T-cell receptors are essential components of the adaptive immune system. They circulate to the thymus gland, where they are activated upon binding to self-peptide-major histocompatibility complex (MHC) complexes with the TCR/ CD3 complex. Simultaneously, they are maintained actively within cell compartments through stimulation by a cytokine called IL-7, in a recyclable manner. This process plays a significant role in T cell conditioning and functions, ensuring the smooth operation of the system’s flexibility. Therefore, the proper maintenance and activation of pure T cells are critical structures with an expansive perspective on the defense system.[24] The activation of TCRs triggers cell division, clonal expansion, and differentiation. This process is initiated by three fundamental factors: stimulation of cell proliferation, nutrient availability, and oxygen levels. Increased cell proliferation allows T cells to interact with their surroundings and become activated. Nutrient availability supports T cell growth and proliferation by providing the diversity and nutritional options necessary for T cell survival. Oxygen levels regulate the activation process by influencing cellular metabolism. The convergence of these factors activates the T system, allowing it to begin performing its functions effectively.[25] When TCRs encounter single peptide-MHC (pMHC) complexes, they spread on the cell surface as individual proteins ready to initiate the signal. The CD4 and CD8 molecules interact with MHC II and MHC I molecules, respectively. This interaction determines the early mode of T-cell activation. Communication between the pMHC complex and CD4/CD8 co-receptors is recognized by the TCR.[26]

T-cell development

T-cell immunity plays a critical role in the body’s defense mechanism. Secondary lymphoid organs serve as central hubs of this defense system. In these organs, mature T cells capable of defending against various foreign antigens encountered throughout life need to be present.[27] These cells having a broad TCR repertoire enables the body to recognize a wide range of foreign antigens and develop an appropriate defense response to them. This diversity allows the body to be prepared for numerous foreign threats it may potentially encounter.[28] During the development and maturation of T cells, it is essential that only cells capable of mounting an effective response against foreign antigens are selected and distributed to the periphery, meaning various regions of the body. In this process, the elimination of T cells that mistakenly react to the body’s own antigens is of great importance. This helps prevent undesired conditions like autoimmunity, where the body attacks its own tissues. This selective process is called central tolerance and enables the body to develop an immune system that is compatible with itself. Consequently, the effectiveness of T-cell immunity relies on mature T cells with a broad TCR repertoire found in secondary lymphoid organs.[29] Proper training of these cells plays a vital role in providing a fast and effective response against foreign antigens while preventing harm to the body’s own antigens. This delicate balance is one of the cornerstones of a healthy immune system.[30] T cells play a critical role in the human body’s immune system and develop in the thymus gland. The immune system works to protect the body from pathogens, or disease-causing microorganisms. There are various subtypes of T cells, with the most well-known being alpha/ beta (α/β) T cells. These cells utilize antigen receptors to recognize antigens and defend the body against infections.[31]

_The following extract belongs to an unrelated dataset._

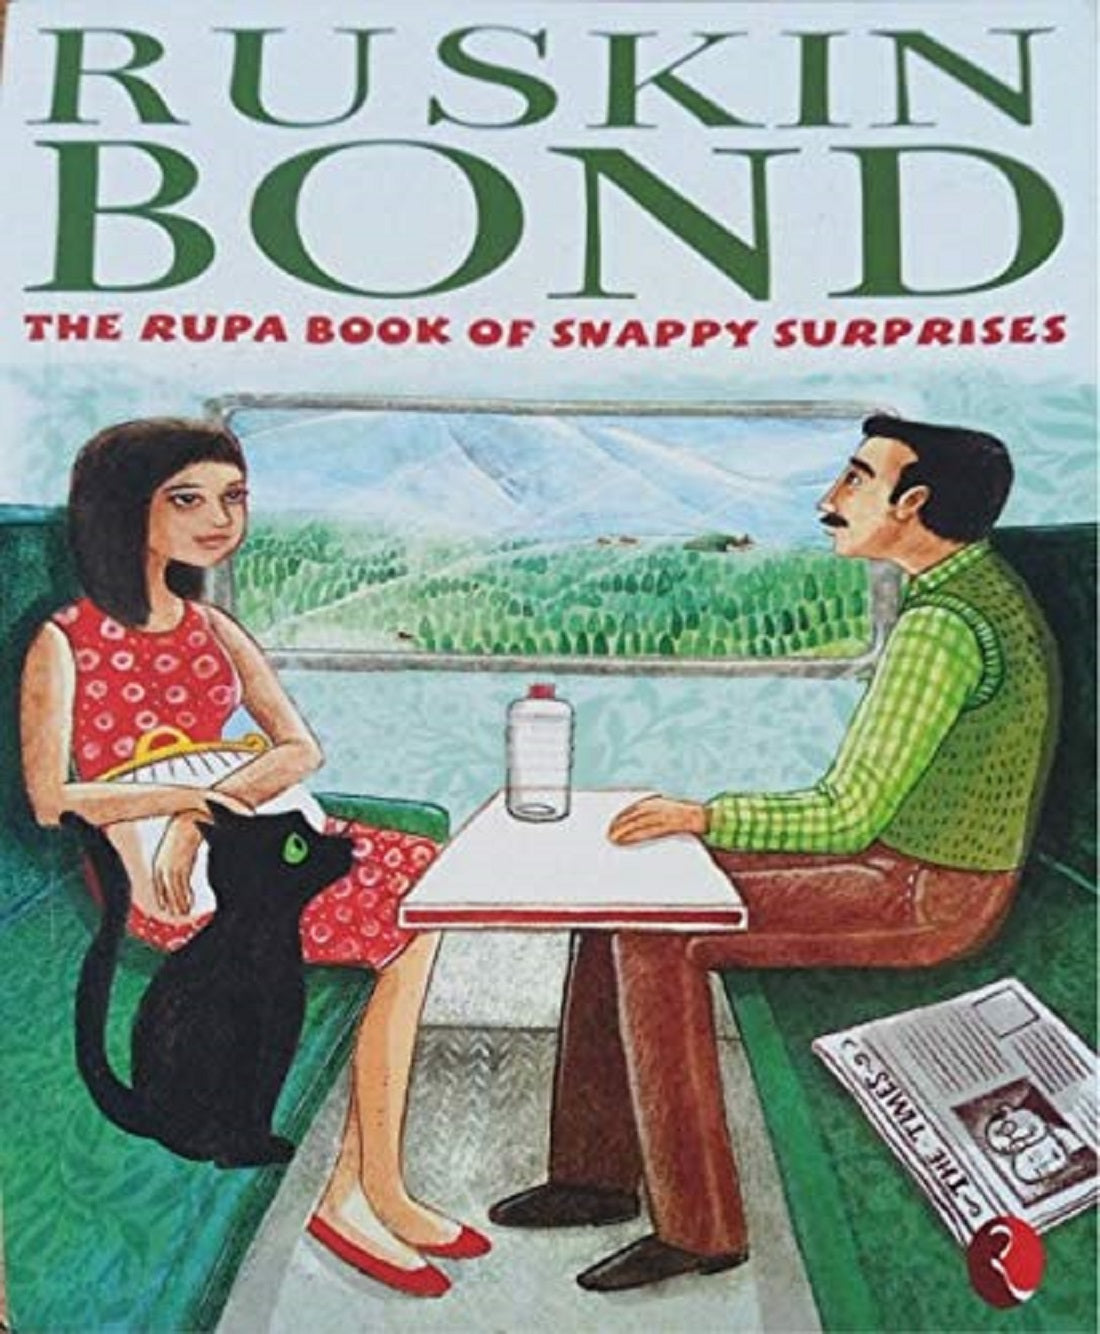 THE RUPA BOOK OF SNAPPY SURPRISES

Another important type of T cell is gamma/delta (γ/δ) T cells. Unlike α/β T cells, these cells carry characteristics of both natural killer (NK) cells and T cells through their antigen receptors. This unique combination enables γ/δ T cells to play a significant protective role in the body. Natural killer T cells, like γ/δ T cells, develop in the thymus and are a specialized type of T cell capable of providing a rapid and effective response to antigens. This diversity allows T cells to play a versatile role in the immune system.[32] Each type of T cell provides a broad range of defense against infections and diseases through different mechanisms, safeguarding the body in various ways. The development of these cells in the thymus is crucial for the proper programming of the immune system and maintaining the body’s health. The entry of bone marrowderived thymic progenitor cells into the thymus and the subsequent processes are of significant importance in immune system research. Originating from the bone marrow, these cells reach the thymus via the corticomedullary junction. The thymus, as one of the key organs of the immune system, facilitates the maturation and education of T cells. This process enables the body to effectively defend against pathogens without causing harm to itself.[33] After the entry of thymic progenitor cells into the thymus, these cells undergo various stages to differentiate into different subtypes of T cells. During this transformation, the differentiation process of Th1 cells becomes crucial. The Th1 cells play a critical role, particularly in cellular immune responses. They are at the forefront of defense against intracellular pathogens such as viruses and certain bacteria.[34]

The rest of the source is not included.